1. What I learned
a. deque
This is the same as the queue, but popleft() can be used in the deque. The time it takes to popleft() is much shorter than pop().
b. extend vs append
list1 = ['A','B']
list2 = ['C']
word = 'word'
list1.append(list2) --> list1 = ['A','B',['C']]
list1.extend(list2) --> list1 = ['A','B','C']
list1.append(word) --> list1 = ['A','B','word']
list1.extend(word) --> list1 = ['A','B','w','o','r','d']

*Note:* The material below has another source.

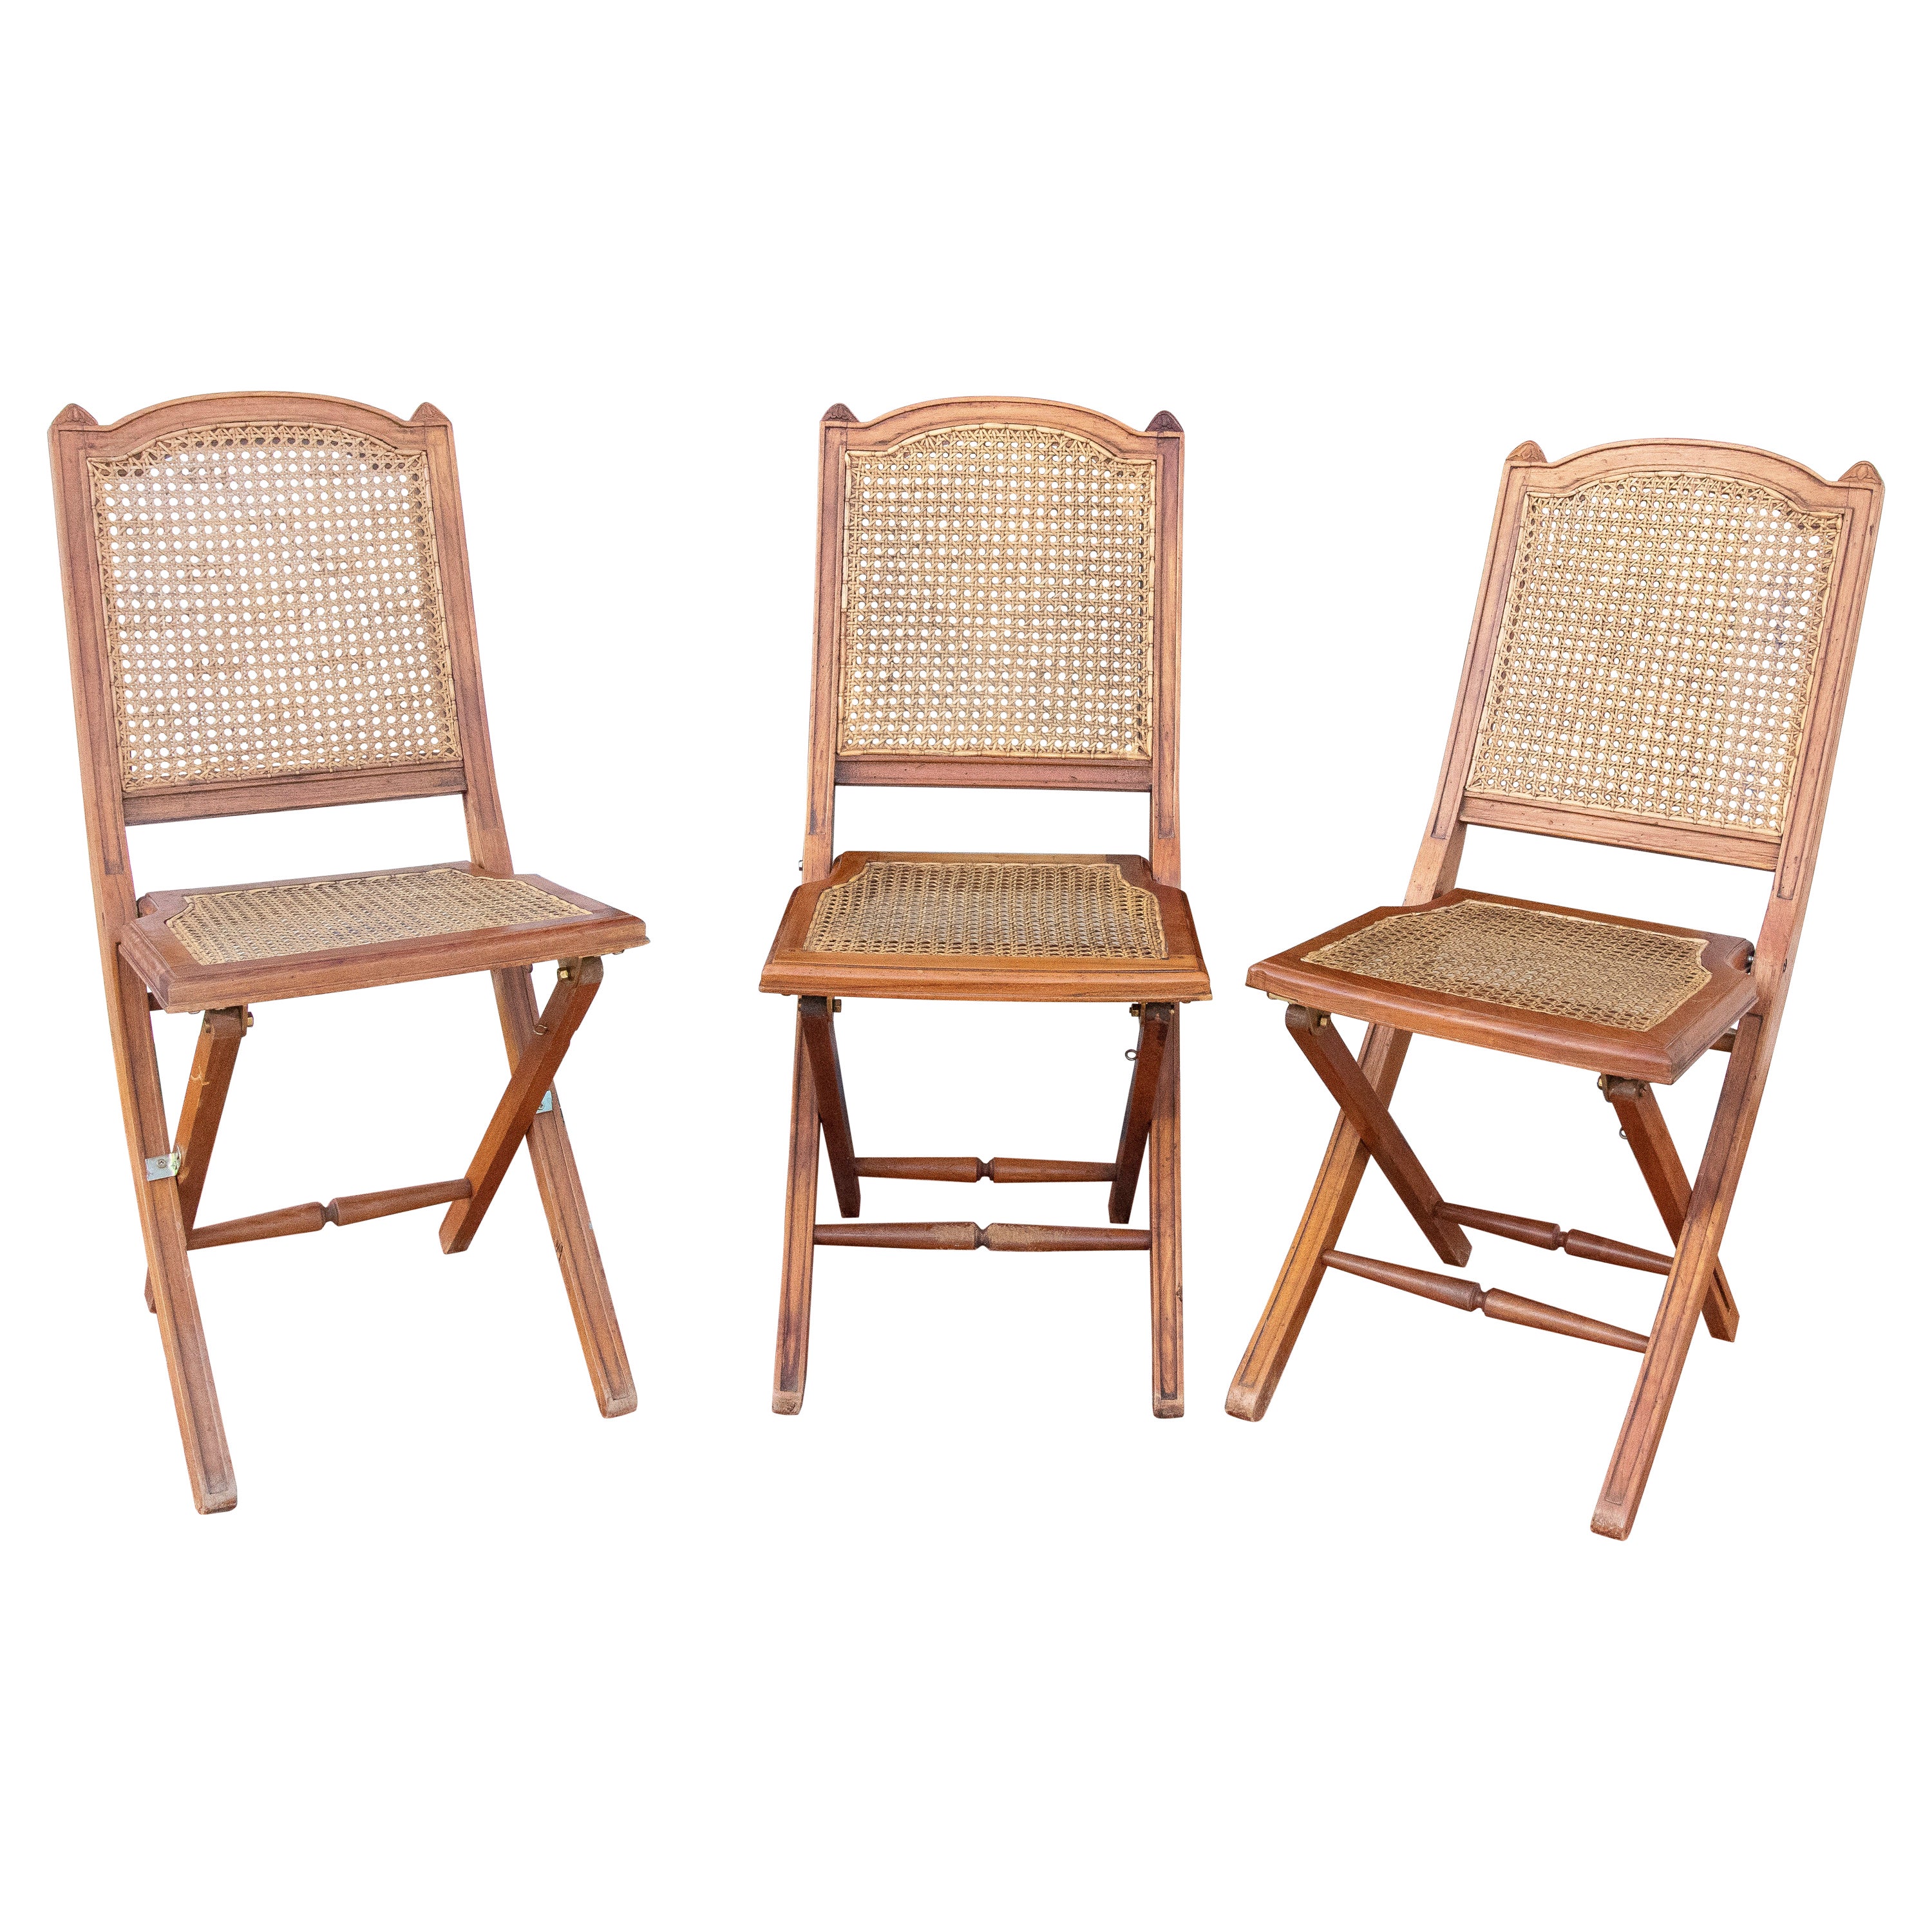 Ensemble de trois chaises pliantes en bois des années 1970 avec dossier et maille d'assise

#it should be run one by one, not all at once.
2. How I sloved
I needed to find the leftmost value in the last row of the tree. So I used BFS and stored values at the same height as the same element. Then the first value of the last element was returned.
3. Code
class Solution:
def findBottomLeftValue(self, root: TreeNode) -> int:
if root == None:
return
visited = []
queue = deque([(root,0)])
while queue:
node,height = queue.popleft()
if len(visited)<=height:
visited.append([node.val])
else:
visited[height].append(node.val)
if node.left:
queue.append((node.left,height+1))
if node.right:
queue.append((node.right,height+1))
return visited[-1][0]
4. Result
Runtime : 40 ms(88.51%), Memory usage : 16.2 MB(23.22%)
(Runtime can be different by a system even if it is a same code.)